Given a point \(x\) and a hyperplane \(\{y\colon w^{\top}y+b=0\}\), define the orthogonal projection of \(x\) onto the hyperplane by \(x_p\).
Then, define the difference \(d=x-x_p\) where \(d=\alpha w\) for some constant \(\alpha\in\mathbb{R}\) (because both \(d\) and \(w\) are orthogonal to a subspace of rank \(n-1\)) and note that \(\lVert d\rVert\) is the distance we are looking for. Since \(x_p\) lies on the hyperplane, we can write
\(0=w^{\top}x_p+b=w^{\top}(x-\alpha w)+b\), so that \(\alpha=\lVert w\rVert^2(w^{\top}x+b)\). It finally follows that \(\lVert d\Vert=|\alpha|\lVert w\rVert=\lVert w\rVert^{-1}|w^{\top}x+b|.\)

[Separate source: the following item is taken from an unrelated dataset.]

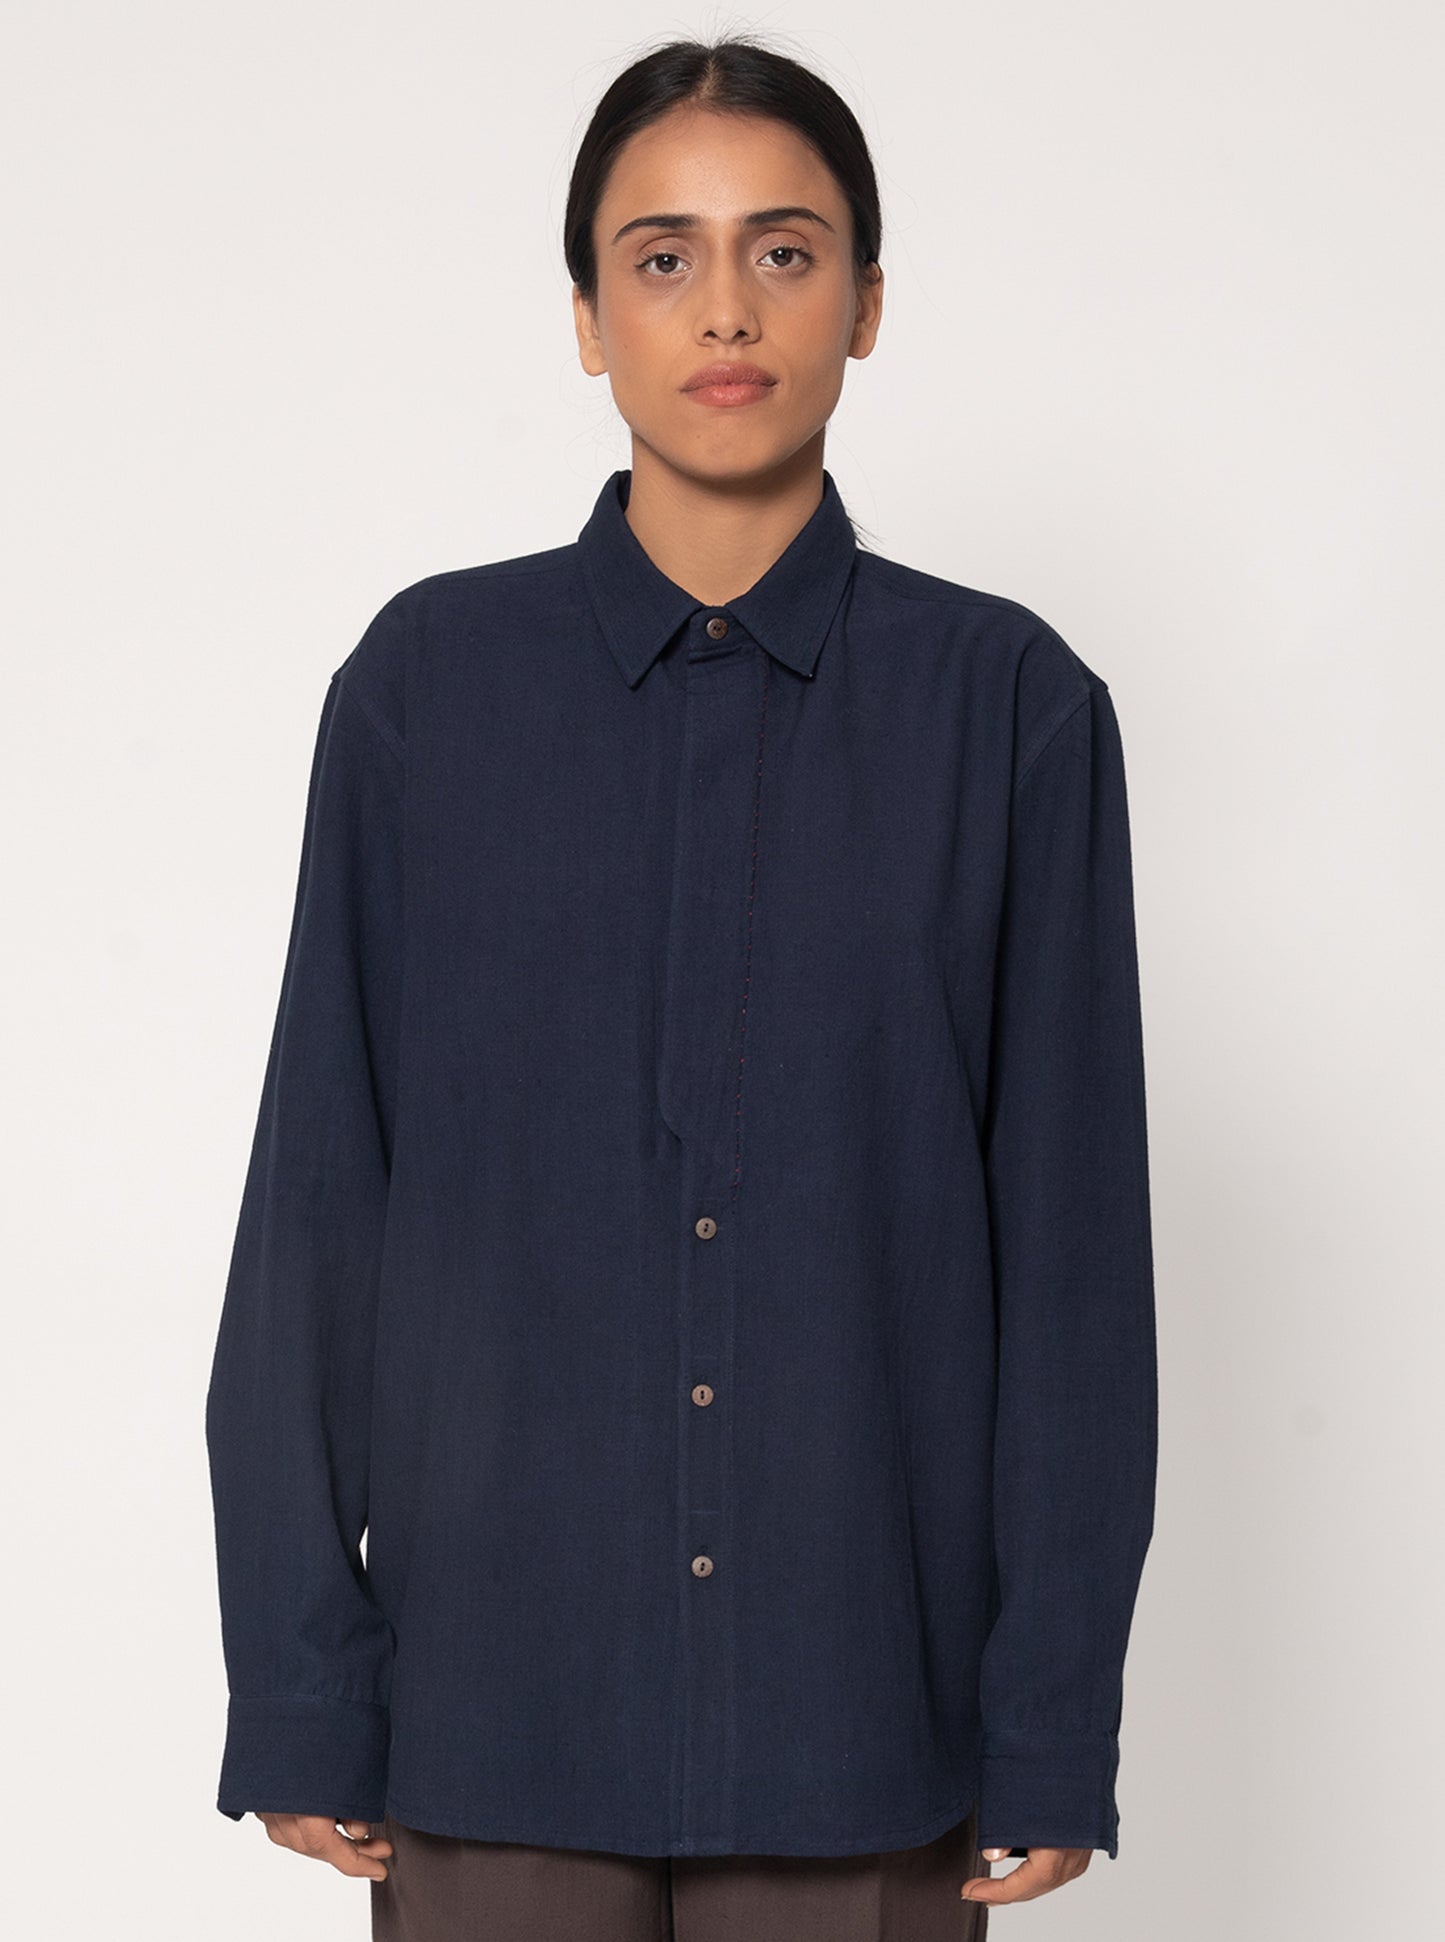 Structured Placket Casual Shirt

Above we used geometric intuition to formulate the following optimization problem:
\[\max_{w,b}\frac{1}{\lVert w\rVert}\min_i|w^{\top}x_i+b|\quad \text{subject to } y_i(w^{\top}x_i+b)\geq 0.\]
Formally speaking, the same hyperplane can be realized by different pairs \((w,b)\) by scaling both \((w,b)\) by the same positive factor. As a sanity check,
observe that the above problem is invariant under such scaling, i.e., the objective function has the same value for \((\alpha w,\alpha b)\) for all \(\alpha>0\).
This is good news: for each hyperplane \(\{(\alpha w, \alpha b)\colon \alpha>0\}\) we can choose a representative \((w_0, b_0)\) such that the inner minimization is
always \(1\) and narrow down the outer optimization space to these representatives. Formally, we simplify the objective function to just \(\max\lVert w\rVert^{-1}\)
at the expense of adding a new constraint \(\min_i|w^{\top}x_i+b|=1\):
\[\max\frac{1}{\lVert w\rVert}\quad\text{subject to }\begin{cases}y_i(w^{\top}x_i+b) \geq 0\quad\forall i\in[n],\\\min_i|w^{\top}x_i+b|=1.\end{cases}\]
Merging these constraints with the existing ones, it is now
tempting to write \[\max \frac{1}{\lVert w\rVert}\quad\text{ subject to } y_i(w^{\top}x_i+b)\geq 1.\] and claim that this problem is equivalent to the one above.
While the statement is true, the justification is a bit more subtle than it seems. In particular, the feasible sets of these two problems are actually different (the new one is larger).
Assume that \((w^{\star},b^{\star})\) is an optimal solution to the new problem. The first set of constraints of the old formulation is clearly satisfied, but what if
\(\min_i|{w^{\star}}^{\top}x+b^{\star}>1\)? This, however, contradicts optimality because we can scale both \(w^{\star}\) and \(b^{\star}\) down, improve the objective, and still satisfy the constraints of
the new problem. Hence, \(w^{\star},b^{\star}\) must satisfy the constraints of the original problem, and they clearly achieve the optimal objective. The forward direction
is straightforward now that we proved that optimal values of the two problems agree.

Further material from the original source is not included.